What the task requires
Look over the material for the string "игрушка". Copy every line where it turns up.
⟨
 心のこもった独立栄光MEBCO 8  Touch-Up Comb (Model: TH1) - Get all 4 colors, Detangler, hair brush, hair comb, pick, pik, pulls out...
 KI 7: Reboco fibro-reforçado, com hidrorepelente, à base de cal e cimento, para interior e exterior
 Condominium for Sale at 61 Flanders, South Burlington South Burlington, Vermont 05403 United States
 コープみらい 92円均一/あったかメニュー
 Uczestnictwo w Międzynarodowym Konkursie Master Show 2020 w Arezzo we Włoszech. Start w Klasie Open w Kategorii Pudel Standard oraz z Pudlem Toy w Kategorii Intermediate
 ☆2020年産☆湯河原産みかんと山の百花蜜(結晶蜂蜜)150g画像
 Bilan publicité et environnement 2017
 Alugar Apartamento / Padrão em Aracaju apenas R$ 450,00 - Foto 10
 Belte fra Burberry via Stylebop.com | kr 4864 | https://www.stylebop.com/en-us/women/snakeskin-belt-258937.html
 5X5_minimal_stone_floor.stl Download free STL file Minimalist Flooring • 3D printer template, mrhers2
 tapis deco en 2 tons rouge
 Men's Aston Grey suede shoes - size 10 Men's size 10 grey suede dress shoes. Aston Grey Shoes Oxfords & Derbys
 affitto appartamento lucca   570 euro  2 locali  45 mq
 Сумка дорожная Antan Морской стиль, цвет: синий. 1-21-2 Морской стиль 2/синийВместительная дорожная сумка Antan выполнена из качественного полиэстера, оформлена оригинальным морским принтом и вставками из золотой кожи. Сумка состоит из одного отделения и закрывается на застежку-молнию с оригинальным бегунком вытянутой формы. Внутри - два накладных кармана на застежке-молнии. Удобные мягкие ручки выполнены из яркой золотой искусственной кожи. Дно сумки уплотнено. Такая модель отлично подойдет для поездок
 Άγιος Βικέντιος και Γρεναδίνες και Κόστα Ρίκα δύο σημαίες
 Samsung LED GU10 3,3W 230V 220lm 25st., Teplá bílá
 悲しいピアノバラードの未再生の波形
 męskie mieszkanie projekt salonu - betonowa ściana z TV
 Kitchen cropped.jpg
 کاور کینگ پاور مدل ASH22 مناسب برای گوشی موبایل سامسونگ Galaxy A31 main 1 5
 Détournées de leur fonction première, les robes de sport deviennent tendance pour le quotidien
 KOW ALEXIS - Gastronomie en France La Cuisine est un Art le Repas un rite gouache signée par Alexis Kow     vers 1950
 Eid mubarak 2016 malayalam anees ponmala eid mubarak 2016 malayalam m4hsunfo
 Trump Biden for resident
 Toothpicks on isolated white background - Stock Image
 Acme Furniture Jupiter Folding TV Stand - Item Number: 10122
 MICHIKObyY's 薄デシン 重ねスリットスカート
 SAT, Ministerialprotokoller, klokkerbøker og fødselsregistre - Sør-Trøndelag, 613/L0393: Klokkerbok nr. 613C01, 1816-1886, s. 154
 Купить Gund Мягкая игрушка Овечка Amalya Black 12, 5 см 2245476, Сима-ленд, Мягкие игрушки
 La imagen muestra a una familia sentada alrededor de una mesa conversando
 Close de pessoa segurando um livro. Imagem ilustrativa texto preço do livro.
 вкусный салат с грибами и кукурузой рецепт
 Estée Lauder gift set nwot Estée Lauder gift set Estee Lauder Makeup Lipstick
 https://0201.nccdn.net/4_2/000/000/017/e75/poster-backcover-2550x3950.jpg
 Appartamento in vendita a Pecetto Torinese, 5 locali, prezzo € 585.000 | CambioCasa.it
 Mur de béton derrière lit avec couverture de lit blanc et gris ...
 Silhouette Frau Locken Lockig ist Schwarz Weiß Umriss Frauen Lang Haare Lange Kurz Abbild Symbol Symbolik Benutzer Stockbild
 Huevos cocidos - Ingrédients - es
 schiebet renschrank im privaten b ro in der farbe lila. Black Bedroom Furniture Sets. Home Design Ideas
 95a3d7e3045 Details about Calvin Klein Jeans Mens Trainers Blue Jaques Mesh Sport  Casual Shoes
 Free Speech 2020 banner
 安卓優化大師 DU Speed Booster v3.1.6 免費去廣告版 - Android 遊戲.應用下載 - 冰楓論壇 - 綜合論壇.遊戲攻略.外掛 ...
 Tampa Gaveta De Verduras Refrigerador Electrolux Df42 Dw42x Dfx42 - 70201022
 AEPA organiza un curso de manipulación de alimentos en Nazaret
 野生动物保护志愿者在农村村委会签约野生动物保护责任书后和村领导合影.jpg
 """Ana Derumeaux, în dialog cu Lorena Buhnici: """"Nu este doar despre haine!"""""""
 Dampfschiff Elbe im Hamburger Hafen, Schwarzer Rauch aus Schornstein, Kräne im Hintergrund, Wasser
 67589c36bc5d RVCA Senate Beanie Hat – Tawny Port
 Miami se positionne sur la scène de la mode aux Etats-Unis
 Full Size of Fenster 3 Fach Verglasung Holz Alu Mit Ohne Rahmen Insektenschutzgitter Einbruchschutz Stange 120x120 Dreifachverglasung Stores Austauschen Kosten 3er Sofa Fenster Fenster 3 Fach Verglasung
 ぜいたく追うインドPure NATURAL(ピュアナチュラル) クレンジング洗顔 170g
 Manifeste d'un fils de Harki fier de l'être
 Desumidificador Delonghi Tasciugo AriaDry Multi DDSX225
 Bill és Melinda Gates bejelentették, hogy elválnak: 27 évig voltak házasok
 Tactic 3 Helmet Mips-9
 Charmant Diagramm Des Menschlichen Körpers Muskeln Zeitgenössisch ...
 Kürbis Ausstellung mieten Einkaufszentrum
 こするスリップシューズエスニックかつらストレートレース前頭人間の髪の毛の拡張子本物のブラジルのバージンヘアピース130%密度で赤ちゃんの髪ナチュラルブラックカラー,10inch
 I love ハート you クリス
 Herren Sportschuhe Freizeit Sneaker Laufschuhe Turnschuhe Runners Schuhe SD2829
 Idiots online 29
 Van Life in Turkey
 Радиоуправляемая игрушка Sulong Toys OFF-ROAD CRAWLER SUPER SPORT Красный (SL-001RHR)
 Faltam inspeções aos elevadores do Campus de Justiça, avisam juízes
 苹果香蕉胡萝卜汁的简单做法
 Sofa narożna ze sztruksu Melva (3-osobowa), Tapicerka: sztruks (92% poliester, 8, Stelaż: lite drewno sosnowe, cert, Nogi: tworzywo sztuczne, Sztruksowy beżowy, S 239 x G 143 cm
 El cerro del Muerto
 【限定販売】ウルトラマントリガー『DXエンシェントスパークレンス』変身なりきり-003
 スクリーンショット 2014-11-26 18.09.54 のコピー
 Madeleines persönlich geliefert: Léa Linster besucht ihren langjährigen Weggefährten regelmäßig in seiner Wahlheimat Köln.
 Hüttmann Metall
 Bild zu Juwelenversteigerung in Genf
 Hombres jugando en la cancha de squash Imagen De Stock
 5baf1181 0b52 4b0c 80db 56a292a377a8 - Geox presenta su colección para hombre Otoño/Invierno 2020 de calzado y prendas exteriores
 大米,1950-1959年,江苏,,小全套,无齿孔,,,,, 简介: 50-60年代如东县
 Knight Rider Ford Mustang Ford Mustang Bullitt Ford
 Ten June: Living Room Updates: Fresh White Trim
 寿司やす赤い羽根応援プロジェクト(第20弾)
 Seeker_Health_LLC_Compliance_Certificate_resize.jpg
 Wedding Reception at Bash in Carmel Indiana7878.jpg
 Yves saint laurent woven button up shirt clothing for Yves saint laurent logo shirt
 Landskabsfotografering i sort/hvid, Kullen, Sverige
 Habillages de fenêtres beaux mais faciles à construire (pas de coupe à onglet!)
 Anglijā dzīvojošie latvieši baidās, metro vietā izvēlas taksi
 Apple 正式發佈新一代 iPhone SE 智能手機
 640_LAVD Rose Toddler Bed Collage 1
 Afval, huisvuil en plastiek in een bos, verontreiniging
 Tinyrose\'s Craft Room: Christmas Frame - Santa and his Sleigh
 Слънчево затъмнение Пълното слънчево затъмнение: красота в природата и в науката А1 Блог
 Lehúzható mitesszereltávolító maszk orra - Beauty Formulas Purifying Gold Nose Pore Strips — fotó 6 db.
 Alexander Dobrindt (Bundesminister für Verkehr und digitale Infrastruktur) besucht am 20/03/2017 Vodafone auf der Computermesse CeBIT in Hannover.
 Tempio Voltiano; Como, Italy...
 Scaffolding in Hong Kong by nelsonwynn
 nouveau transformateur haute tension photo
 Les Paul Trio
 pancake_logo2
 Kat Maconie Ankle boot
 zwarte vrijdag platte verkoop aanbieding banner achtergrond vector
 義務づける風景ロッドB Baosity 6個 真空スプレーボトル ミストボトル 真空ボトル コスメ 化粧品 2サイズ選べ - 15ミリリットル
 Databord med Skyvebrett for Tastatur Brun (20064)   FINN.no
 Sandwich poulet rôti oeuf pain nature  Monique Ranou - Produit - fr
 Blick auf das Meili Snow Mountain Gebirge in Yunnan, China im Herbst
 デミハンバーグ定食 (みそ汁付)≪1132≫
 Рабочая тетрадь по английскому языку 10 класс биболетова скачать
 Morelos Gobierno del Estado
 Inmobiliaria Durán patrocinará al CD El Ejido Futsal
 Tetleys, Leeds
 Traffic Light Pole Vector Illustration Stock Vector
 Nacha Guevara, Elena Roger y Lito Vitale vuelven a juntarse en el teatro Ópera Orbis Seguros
⟩
Worked solution
 Купить Gund Мягкая игрушка Овечка Amalya Black 12, 5 см 2245476, Сима-ленд, Мягкие игрушки
 Радиоуправляемая игрушка Sulong Toys OFF-ROAD CRAWLER SUPER SPORT Красный (SL-001RHR)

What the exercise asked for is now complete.